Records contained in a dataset

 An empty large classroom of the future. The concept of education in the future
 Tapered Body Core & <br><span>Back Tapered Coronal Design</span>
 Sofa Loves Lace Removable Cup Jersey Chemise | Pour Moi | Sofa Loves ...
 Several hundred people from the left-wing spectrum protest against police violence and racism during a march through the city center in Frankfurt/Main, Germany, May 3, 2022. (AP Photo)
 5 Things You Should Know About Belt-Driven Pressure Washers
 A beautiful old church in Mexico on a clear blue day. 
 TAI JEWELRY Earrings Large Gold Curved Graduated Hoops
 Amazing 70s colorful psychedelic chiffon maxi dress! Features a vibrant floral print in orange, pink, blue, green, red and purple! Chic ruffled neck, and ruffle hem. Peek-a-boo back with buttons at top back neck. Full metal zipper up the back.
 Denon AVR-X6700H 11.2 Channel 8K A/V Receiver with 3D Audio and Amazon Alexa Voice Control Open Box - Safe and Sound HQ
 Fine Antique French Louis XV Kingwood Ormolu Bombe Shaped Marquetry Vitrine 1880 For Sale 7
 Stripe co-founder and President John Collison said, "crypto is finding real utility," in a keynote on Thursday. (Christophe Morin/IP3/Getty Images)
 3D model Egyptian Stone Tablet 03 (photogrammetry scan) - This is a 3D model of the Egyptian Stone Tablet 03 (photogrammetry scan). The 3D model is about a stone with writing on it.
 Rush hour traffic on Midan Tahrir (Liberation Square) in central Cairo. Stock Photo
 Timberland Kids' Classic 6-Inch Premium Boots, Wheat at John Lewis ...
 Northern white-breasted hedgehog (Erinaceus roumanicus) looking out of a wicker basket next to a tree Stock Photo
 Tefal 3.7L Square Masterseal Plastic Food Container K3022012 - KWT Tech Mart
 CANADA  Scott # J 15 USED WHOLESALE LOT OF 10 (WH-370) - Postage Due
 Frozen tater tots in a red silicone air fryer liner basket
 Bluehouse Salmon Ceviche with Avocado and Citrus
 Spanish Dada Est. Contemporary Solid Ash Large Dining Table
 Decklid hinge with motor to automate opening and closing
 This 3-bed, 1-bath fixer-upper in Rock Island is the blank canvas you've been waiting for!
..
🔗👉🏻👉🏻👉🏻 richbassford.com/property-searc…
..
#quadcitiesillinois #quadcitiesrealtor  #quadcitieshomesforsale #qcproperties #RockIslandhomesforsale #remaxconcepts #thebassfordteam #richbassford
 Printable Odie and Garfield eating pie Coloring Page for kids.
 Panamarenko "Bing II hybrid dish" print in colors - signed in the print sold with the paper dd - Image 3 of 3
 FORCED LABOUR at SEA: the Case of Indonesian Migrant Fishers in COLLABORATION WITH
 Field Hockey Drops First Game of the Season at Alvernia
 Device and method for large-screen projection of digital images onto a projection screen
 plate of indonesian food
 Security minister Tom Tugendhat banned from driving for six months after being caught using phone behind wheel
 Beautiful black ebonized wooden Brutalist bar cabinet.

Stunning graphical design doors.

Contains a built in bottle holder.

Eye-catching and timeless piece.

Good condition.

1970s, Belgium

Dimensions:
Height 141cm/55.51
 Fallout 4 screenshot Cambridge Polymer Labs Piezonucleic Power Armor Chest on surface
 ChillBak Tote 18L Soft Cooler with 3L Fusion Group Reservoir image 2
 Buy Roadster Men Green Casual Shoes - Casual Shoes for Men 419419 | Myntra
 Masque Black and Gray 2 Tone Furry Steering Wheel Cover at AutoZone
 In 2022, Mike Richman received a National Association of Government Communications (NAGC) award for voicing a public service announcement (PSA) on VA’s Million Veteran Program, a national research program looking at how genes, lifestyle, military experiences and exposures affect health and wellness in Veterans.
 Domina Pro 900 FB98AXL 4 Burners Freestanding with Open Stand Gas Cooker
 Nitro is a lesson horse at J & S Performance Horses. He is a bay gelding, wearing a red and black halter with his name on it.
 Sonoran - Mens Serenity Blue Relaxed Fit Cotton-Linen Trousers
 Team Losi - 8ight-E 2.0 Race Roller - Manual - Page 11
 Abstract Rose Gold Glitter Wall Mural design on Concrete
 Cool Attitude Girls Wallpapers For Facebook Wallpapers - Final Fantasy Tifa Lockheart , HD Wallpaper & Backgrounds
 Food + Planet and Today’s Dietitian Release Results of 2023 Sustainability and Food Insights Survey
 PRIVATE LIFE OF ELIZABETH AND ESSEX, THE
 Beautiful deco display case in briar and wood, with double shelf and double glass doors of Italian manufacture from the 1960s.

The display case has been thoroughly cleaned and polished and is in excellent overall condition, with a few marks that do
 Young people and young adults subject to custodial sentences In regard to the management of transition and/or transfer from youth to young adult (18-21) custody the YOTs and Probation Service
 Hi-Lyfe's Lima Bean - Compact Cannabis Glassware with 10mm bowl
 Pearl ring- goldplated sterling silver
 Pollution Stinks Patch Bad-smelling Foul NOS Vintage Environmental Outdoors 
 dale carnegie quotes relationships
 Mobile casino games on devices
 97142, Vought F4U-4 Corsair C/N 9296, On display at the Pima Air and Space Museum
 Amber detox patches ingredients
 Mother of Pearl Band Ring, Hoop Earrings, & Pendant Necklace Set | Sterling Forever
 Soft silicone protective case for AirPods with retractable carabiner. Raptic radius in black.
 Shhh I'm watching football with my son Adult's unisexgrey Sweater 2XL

→ **Exercise brief**: Using the entries above, repeat only the lines from the one containing "#remaxconcepts #thebassfordteam #richbassford" through the one containing "Masque Black and", end lines included.

→ **Written response**:
#quadcitiesillinois #quadcitiesrealtor  #quadcitieshomesforsale #qcproperties #RockIslandhomesforsale #remaxconcepts #thebassfordteam #richbassford
 Printable Odie and Garfield eating pie Coloring Page for kids.
 Panamarenko "Bing II hybrid dish" print in colors - signed in the print sold with the paper dd - Image 3 of 3
 FORCED LABOUR at SEA: the Case of Indonesian Migrant Fishers in COLLABORATION WITH
 Field Hockey Drops First Game of the Season at Alvernia
 Device and method for large-screen projection of digital images onto a projection screen
 plate of indonesian food
 Security minister Tom Tugendhat banned from driving for six months after being caught using phone behind wheel
 Beautiful black ebonized wooden Brutalist bar cabinet.

Stunning graphical design doors.

Contains a built in bottle holder.

Eye-catching and timeless piece.

Good condition.

1970s, Belgium

Dimensions:
Height 141cm/55.51
 Fallout 4 screenshot Cambridge Polymer Labs Piezonucleic Power Armor Chest on surface
 ChillBak Tote 18L Soft Cooler with 3L Fusion Group Reservoir image 2
 Buy Roadster Men Green Casual Shoes - Casual Shoes for Men 419419 | Myntra
 Masque Black and Gray 2 Tone Furry Steering Wheel Cover at AutoZone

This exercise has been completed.